Health Education Takes Center Stage


The Institute of Medicine reports that students in kindergarten through 12th grade get only four to six hours of nutrition education per school year. In a culture where more than a third of young Americans are obese, it’s worth looking at what helps these students retain the information they need to maintain a healthy weight. Simply put, fun and creative engagement can make a lasting impression. Lessons relayed through theater productions, walking initiatives, and the empowerment of youth leaders have proven effective at improving physical activity levels, educating youth on healthy eating habits and helping them confront body-image and other age-sensitive issues.

The Power of the Play: Educational Theater

At a health system and provider like Kaiser Permanente, where one in five of its more than 10 million members are in school, effectively teaching young people about healthy living is fundamental. Across its eight regions, the Educational Theatre Program communicates messages of prevention, well-being and health to children and adolescents in schools. Interactive productions feature young and diverse professional actors and incorporate comedy, slang, hip-hop, dance, role playing and puppetry to teach about a range of issues from healthy eating to domestic violence to STDs. Productions such as Nightmare on Puberty Street, Give Peas a Chance and The Amazing Food Detective show young people how to make healthy choices for themselves and build a positive self-image.

Part of the Educational Theatre Program’s success is that students are able to relate to the themes and the information stays with them. A 2012 study by the Center for Community Health and Evaluation asked third- and fourth-graders four health-related questions before and after watching an educational theater production. Researchers found that the kids’ ability to learn and retain information about healthy eating and active living behaviors dramatically increased after viewing the show. The sample included 47 schools and nearly 3,000 students throughout the country.

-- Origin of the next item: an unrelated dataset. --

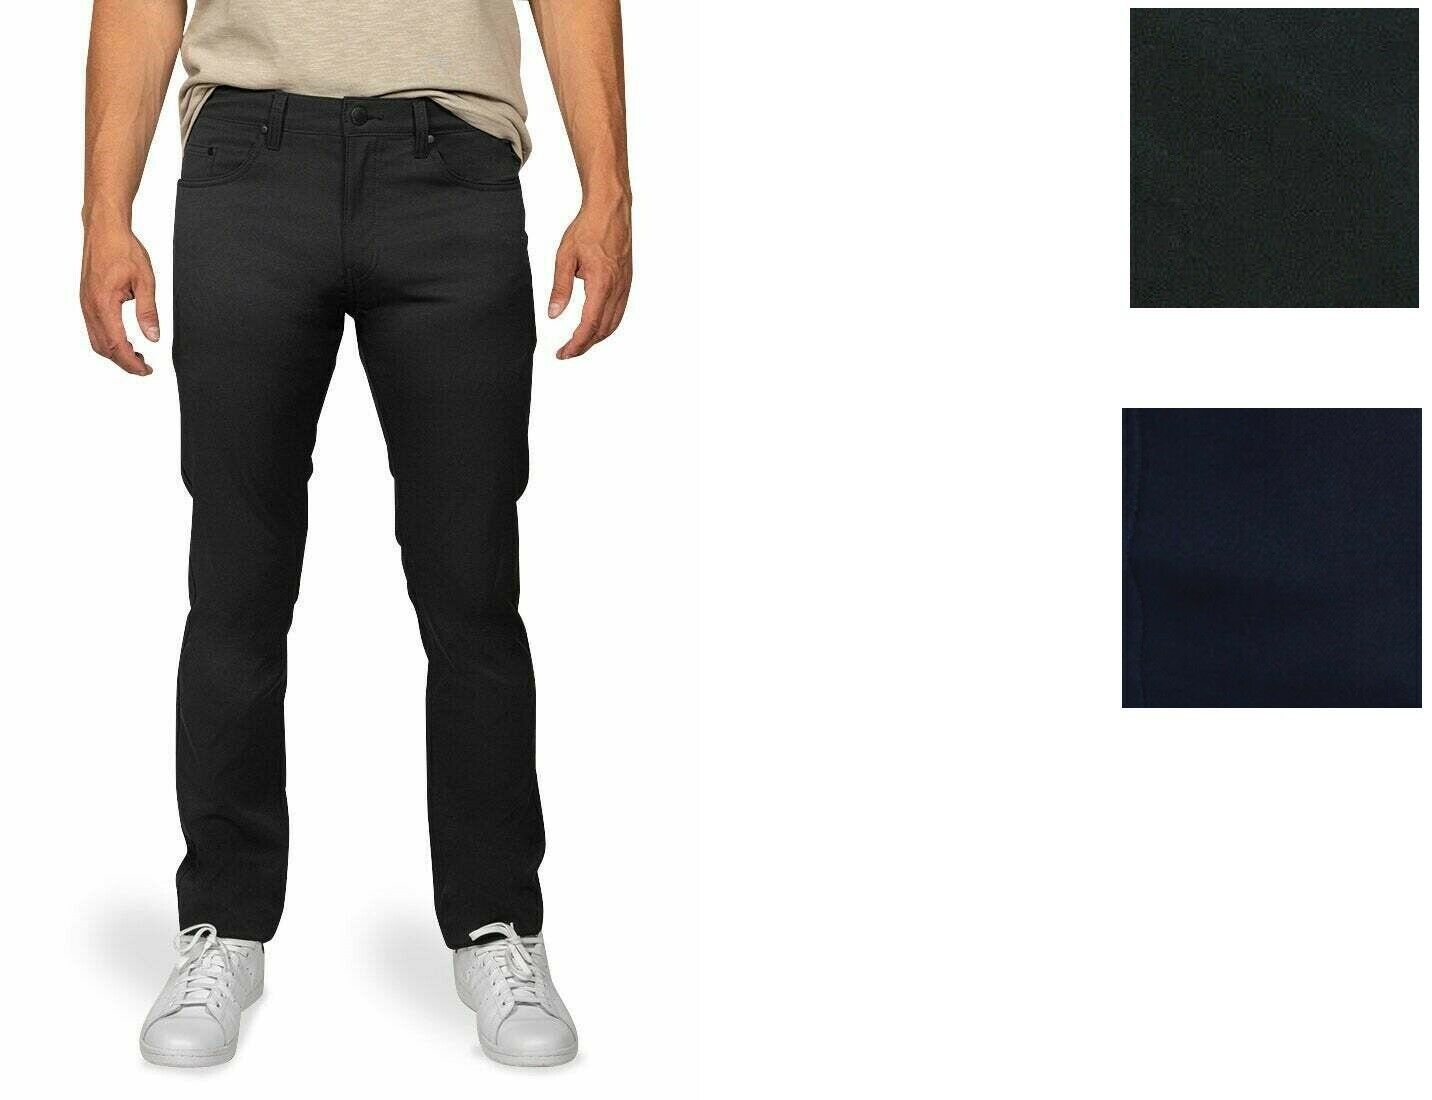 Jachs Men's 5 Pocket Stretch Pant and 50 similar items

The share of children who correctly answered the health questions increased from 17 to 63 percent immediately after the performance, and had only slightly declined three weeks later.

There’s some evidence that this program results in positive behavioral change in addition to increasing retention of health information. After watching a show Peace Signs about dealing with conflict and anger in more positive ways, students at Los Cerritos Elementary School in South San Francisco, Calif., were making fewer trips to the principal’s office for discipline. At Sequoia Elementary in Oakland, Calif., the principal noticed that students were singing songs from the Peace Signs performance weeks after the event. The staff painted Peace Signs murals in the form of stoplights on the school walls to reinforce the program’s messages of “stop, think, act — make a positive impact.”

In Colorado, Educational Theatre actors and educators have joined forces with local health organizations to engage high school youth as leaders and advocates for health in their communities. Out of these efforts, youth collaboratives have been formed to address issues ranging from hunger and nutrition to body-image issues and drug, alcohol and tobacco use. Using performance, blogs, and multimedia, the collaboratives are giving young people the tools to handle these difficult issues. One participant, Alysh, 17, writes, “Every single one of the bright, creative and driven individuals I have had the pleasure of working with at CHAT (Community Health Action Team) does something else extraordinary outside of our monthly meetings. Speaking solo at a TEDx Mile High conference, starting a school health club, putting on a play-writing contest, creating an outdoor classroom… Youth voice is power, youth voice is action, and youth voice is change.”

Harnessing Technology and Reinventing Recess

Kaiser Permanente and other funders in health care have supported similar non-traditional methods of learning to engage students and impart messages about health and well-being. The Walking Classroom Institute has pioneered the idea of using audio players with pre-loaded podcasts aligned with common-core curriculum to get elementary school kids out of the classroom, learning as they walk and move. The podcasts are infused with positive messages about nutrition, safety or fitness that are reinforced throughout the activity. Playworks, an Oakland, Calif.-based organization, uses structured recess programs to engage students in play-based learning that teaches problem-solving skills and social and emotional coping behaviors. Their methods have been touted as highly effective in reducing bullying and other exclusionary behaviors and enhancing learning readiness.

Broadening the Movement for Health Education in Schools

How children and adolescents learn is just as important as what they learn. Health education (and really, any form of education) is most effective when it engages the senses, imagination and inherent creativity. Non-traditional forms of learning can impact lives and set up young people for success. These methodologies are most effective when they are part of a larger, multi-faceted approach to health, one that builds peer and community support and healthy options into the places where people live, work, and play. Beyond schools, it will take others to get involved in teaching lessons of health in creative ways to have a broader impact. But schools are ground zero for this successful tactic to develop habits that can last a lifetime.


Note: Samantha DuPont and Sengyeon Lee of Kaiser Permanente also contributed to this post.